Last summer, biologist Andrew Kasarskis was eager to help decipher the genetic origin of the Escherichia coli strain that infected roughly 4,000 people in Germany between May and July. But he knew it that might take days for the lawyers at his company — Pacific Biosciences of Menlo Park, California — to parse the agreements governing how his team could use data collected on the strain.

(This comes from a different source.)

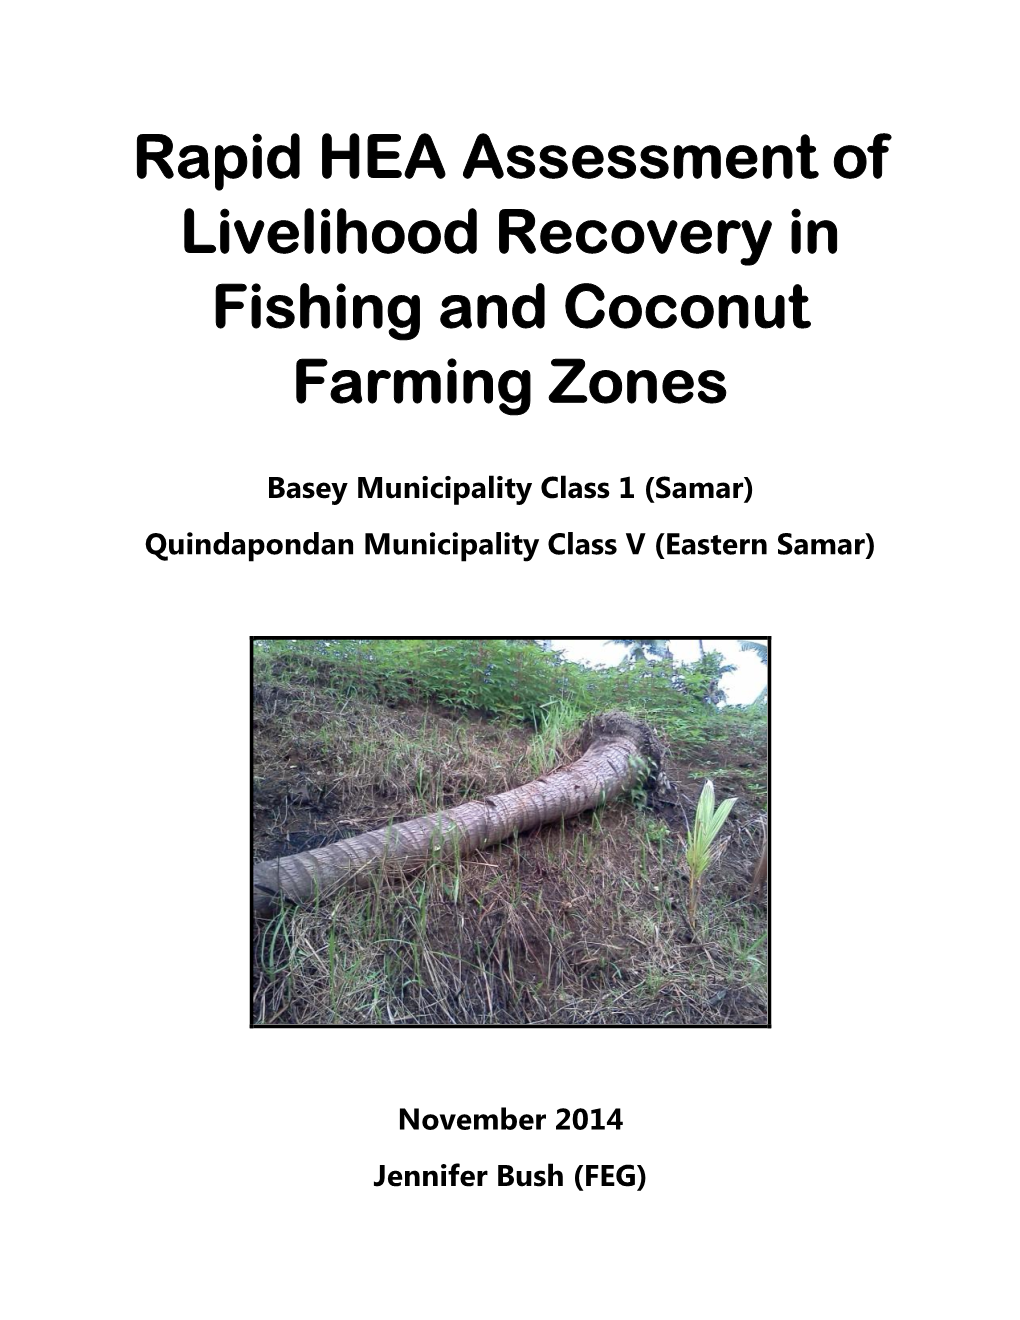 Rapid HEA Assessment of Livelihoods Recovery in Samar, Philippines 2014

Luckily, one team had released its data under a Creative Commons licence that allowed free use of the data, allowing Kasarskis and his colleagues to join the international research effort and publish their work1 without wasting time on legal wrangling.

Together with other funders, the Ewing Marion Kauffman Foundation, based in Kansas City, Missouri, is now launching a product that aims to “create the world’s largest pool of openly available, user-contributed data about health and genomics” in hopes of easing challenges with informed consent and data ownership that some biomedical researchers say are holding science back in the era of ‘big data’. The Portable Legal Consent for Common Genomics Research, developed by the Consent to Research project, is a system through which users can donate their data to databases that remove identifying details, such as name and e-mail address. The databases then assign an identification number to all of the data from each user and deliver the de-identified data to researchers, who must agree to broad conditions designed to prevent harm to the data contributors. Data donors must also undergo a detailed informed consent process, including, for instance, watching a six-and-a-half minute video that cannot be fast-forwarded.

The project received approval from ethics reviewers on 23 April; as soon as May, anyone will be able to sign the consent and begin contributing their own data to the database.

John Wilbanks, head of Consent to Research, says that the project aims to give researchers access to the expanding universe of data being collected through new avenues such as direct-to-consumer genomic testing, devices such as a 'FitBit' that collect data on people’s daily habits, and lab tests ordered through medical providers. Through the Portable Legal Consent, all of a user's data from such devices will be assigned the same identifier. The identifier, along with consent to use the data, will then follow the data through any studies for which it is used. Wilbanks hopes that 25,000 people will contribute data to the project by the end of this year. “We want to enable unanticipated computational research on this giant pool of crowdsourced data,” Wilbanks says.

Honest approach

The Portable Legal Consent will initially deliver data to Synapse, a computational research environment developed by Sage Bionetworks, a non-profit biomedical research organization based in Seattle, Washington. But the project is also developing tools that will allow researchers outside of Synapse to tap into its databases. The project, part of a groundswell of new consumer- and patient-driven models for conducting science2, approaches consent in a different way to many genomic studies, by informing donors that it is not possible to guarantee full anonymity of their data, not tying the data to specific studies, and asking researchers to respect broad terms of use — by not attempting to identify data contributors and not sharing the data with others who don't agree to the same terms, for example.

Bioethicists and researchers have argued that informed consent is not truly possible for genomic studies, because it’s impossible to predict all the ways that a patient’s data might be used at the time that it is collected. And a study3 published in Nature Genetics on 8 April highlighted the issue of re-identification — the prospect that a research subject’s identity can be figured out on the basis of data donated to research projects or shared on social media services.

Pilar Ossorio, a bioethicist at the University of Wisconsin Law School in Madison, called Consent to Research's approach to these problems “more honest” than that used by many projects, which, she says, “collect samples, strip them of identifiers, and lump them into a much larger project through which data will be released to a broad enough group that it's almost certainly something that the participants did not anticipate when they signed the initial consent form”.

Sharing the wealth

Kasarskis, now co-director of the Institute for Genomics and Multiscale Biology at the Mount Sinai School of Medicine in New York, also agrees that researchers should stop offering research participants hollow promises about privacy. “We need to move beyond an assumption that you cannot be identified from the data that exist about you and really work to make sure that we’re protecting people’s rights in ways that allow us to use the data that are out there for individuals’ and researchers’ benefit,” Kasarskis says.

Some researchers say that the approach will have limitations because the study participants are likely to be more educated and healthier than the general population because they have, for instance, paid for a genome scan or bought an expensive device to help monitor their fitness. Others argue researchers who work on most existing big-data studies aren’t motivated to share their results.

“For folks who already have well-established cohorts of patients and controls, sharing is not the first thing on their priority list,” says Atul Butte, a physician, researcher and entrepreneur at the Stanford University School of Medicine in California.

But, Butte says, Portable Legal Consent could benefit researchers without the means to assemble large data sets. “For the little guy, or the lab that has something unique to offer but has trouble accessing the patients or the data, this is going to be an enormous movement forward,” he says.

For Wilbanks, this is exactly the point. “We want to lower the barriers to using this data so much that we can get results that really surprise us,” he says.